2. Effect of CAR-T Cell Therapy: Post-CAR-T cell therapy, a significant reduction of plasmablasts and plasma cells in the CSF was found, indicating effective traversal of CAR-T cells across the blood-brain barrier and their action within the CSF. Post-injection CAR-T cells exhibited high expression of chemotaxis genes, possibly facilitating their effective traversal and clearance of abnormal cells in the CSF.

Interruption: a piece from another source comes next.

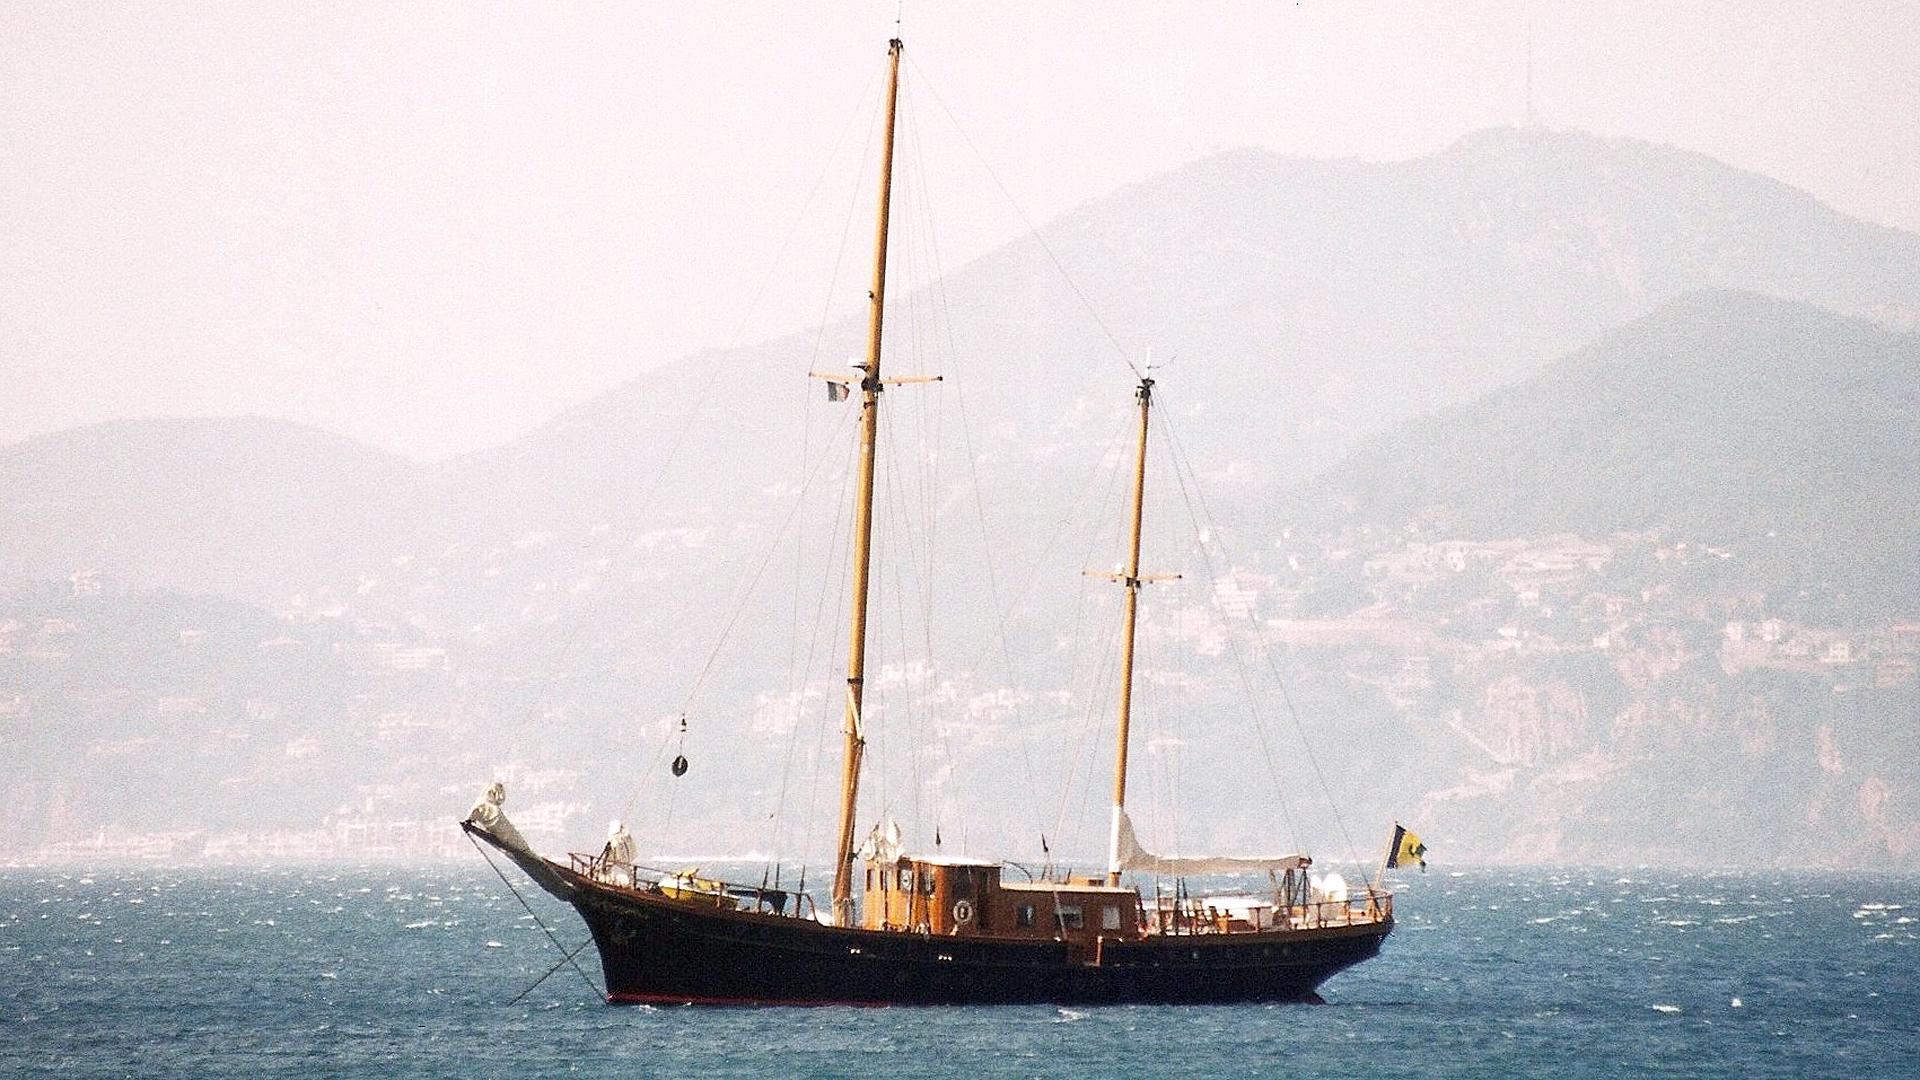 cassiopeia-sailing-ycaht-aurilia-1946-37m-profile

3. Persistence of CAR-T Cells: Analysis indicated that high CD44 expression in CAR-T cells was related to their persistence in vivo, while low Sell gene expression suggested a short-lived effector cell nature. Gene enrichment analysis highlighted significant activity in oxidative phosphorylation (oxphos) and granzyme A signaling pathways in long-persistent CAR-T cells.

Main Conclusion

The study results suggest that anti-BCMA CAR-T cell therapy can alleviate neuroinflammation in NMOSD patients, addressing inadequacies in current treatment methods. This therapy effectively crosses the blood-brain barrier, eliminates pathological B-cells in the CSF, and modulates the immune system to achieve therapeutic effects. Additionally, an inhibitory cytotoxic phenotype unique to NMOSD was identified, which may need targeted cell design optimization.

Research Highlights

• Chemotaxis: Enhanced chemotaxis in CAR-T cells enables efficient traversal of the blood-brain barrier, a novel finding of this study.
• CAR-T Cell Persistence: High expression of CD44 and low expression of Sell suggest that future strategies could focus on regulating these markers to enhance CAR-T cell persistence.
• Clinical Significance: The results demonstrate the potential of CAR-T cells in treating refractory CNS autoimmune diseases, proposing new therapeutic strategies.

This study elucidates the mechanism of anti-BCMA CAR-T cell therapy in treating neuromyelitis optica spectrum disorder and provides important new insights for future CAR-T cell treatment plans.